All the experts tell us to choose “neutral” paint colors for our homes’ interiors, especially when we’re preparing for sale.
Well, OK. Hard to argue with that ubiquitous advice, but it does raise a couple of questions: What exactly do they mean by neutral, and which neutral is best?
Charlotte designer Ann Spooner answers both questions. You’ll find her favorite, go-to neutral paint color at the bottom of this column, along with a good choice for white trim.
Spooner, past president of the national Interior Design Society, said to think of it this way: A neutral is a color that gets along with the colors of all your other stuff – furniture and rugs and artwork – and also will get along with the next person’s stuff. “It’s a tone that you can mix with other colors to create your own personality, yet somebody else can mix their own colors with it, too.”
When Spooner is helping to create new home interiors for Jim Feldman of Lakemist Homes, she often starts by pulling a tone from the tile, granite or cabinets. She likes taupe, common in natural stone.
Gray and beige qualify as neutrals, of course. Or today’s “greige.”
All of us know to avoid pink. It’s definitely not neutral.
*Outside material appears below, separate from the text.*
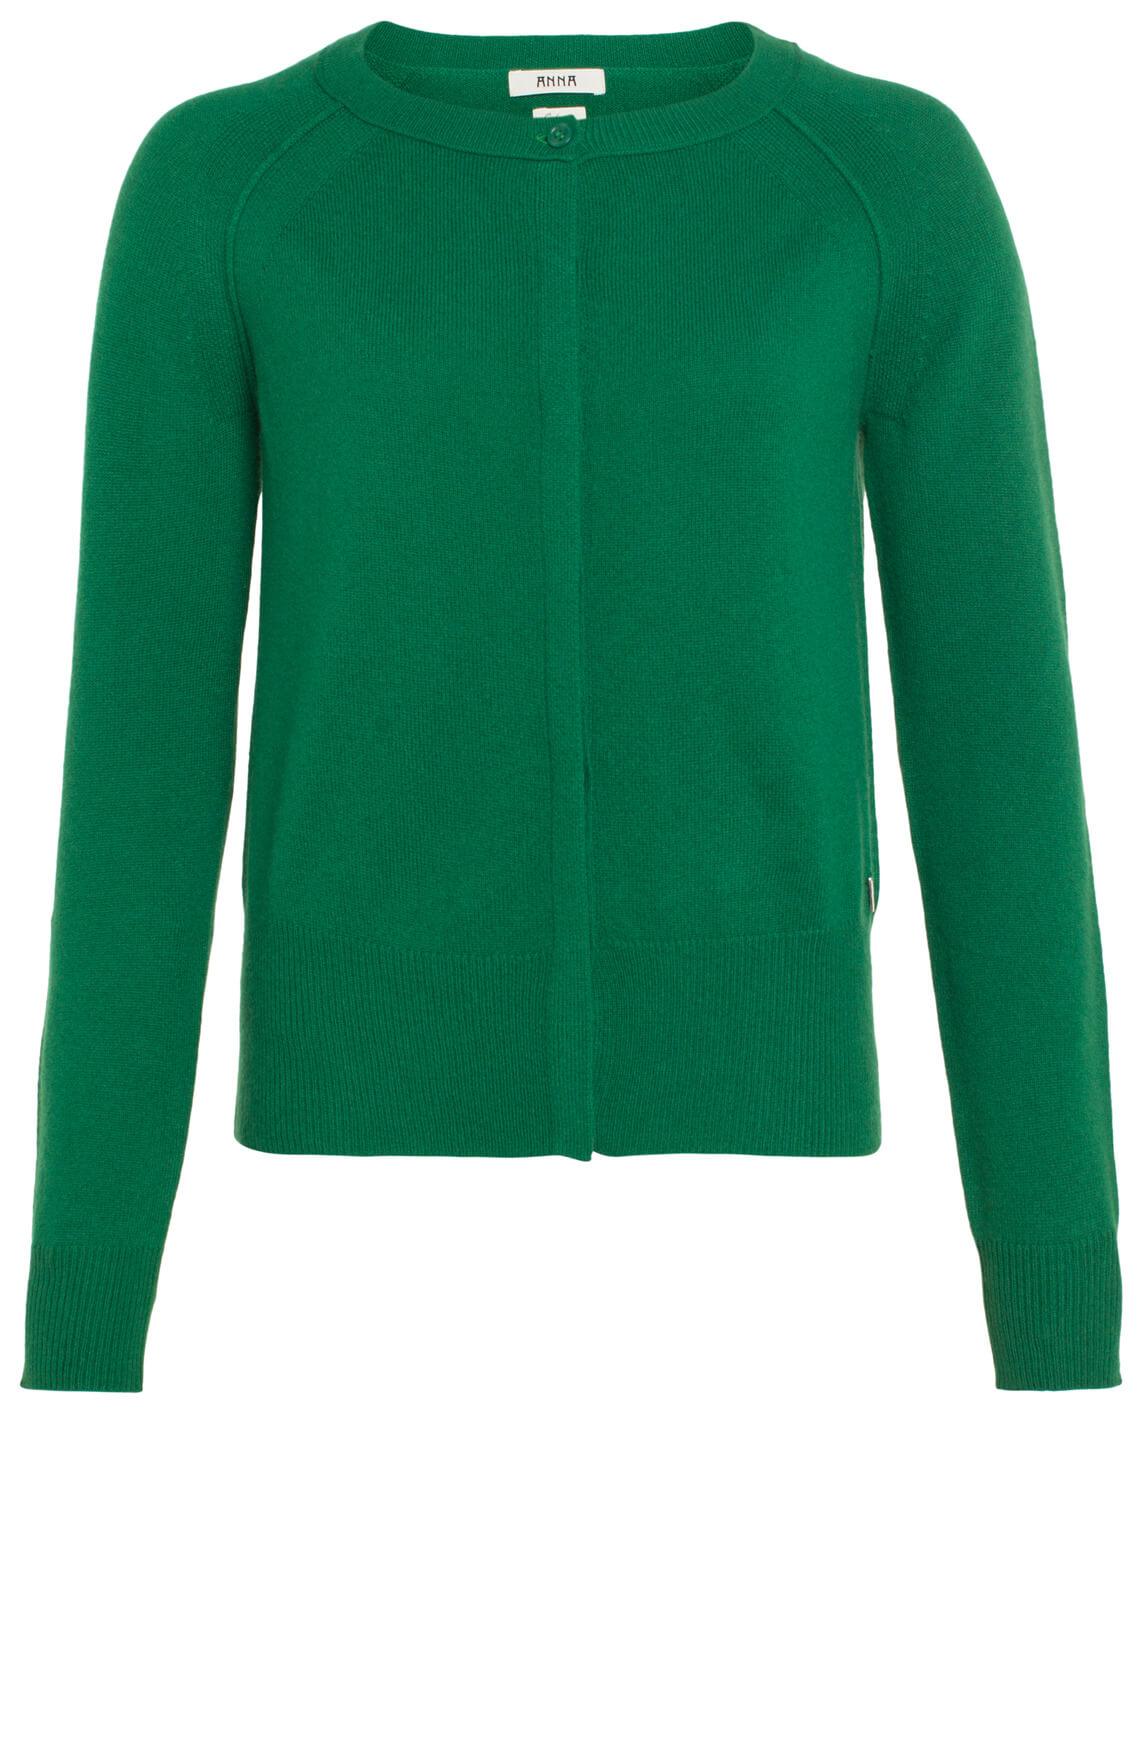 Anna Dames Cashmere vest groen groen

Pink is a turn-off for lots of people. It’s also a color that decidedly does not get along with other colors – even colors in other rooms.
One of Spooner’s clients had two teenage daughters who asked for pink bedrooms. Spooner worked hard to choose a color that was pink – but barely. “Red is a strong pigment,” she said. “I wanted to go really pale.”
She visited the home when the work was done. “I looked up the stairs,” she said with a laugh, “and both rooms glowed out into the hall.”
Here’s a color hint that sounds counterintuitive.
More people list blue as their favorite color more often than any other hue. By a wide margin, according to many experts. That’s why furniture makers often display lots of blue in their showrooms.
If you’re painting your house to put it on the market this spring, though, don’t choose blue.
“In new construction, we never turn to blue,” said Spooner. “Blue does not sell.”
She uses greens when she wants a hint of color in the paint scheme. Perhaps a muted green, with undertones of brown or gray. Again, it’s because such greens complement other colors. “Most people have earth-tone furnishings,” she said. “They work well with green. I’ve used a sage green, and people love it.”
Her long-time favorite neutral wall paint color? It’s Kilim Beige from Sherwin-Williams.
Paint the trim pure white from Sherwin-Williams, and you can’t go wrong.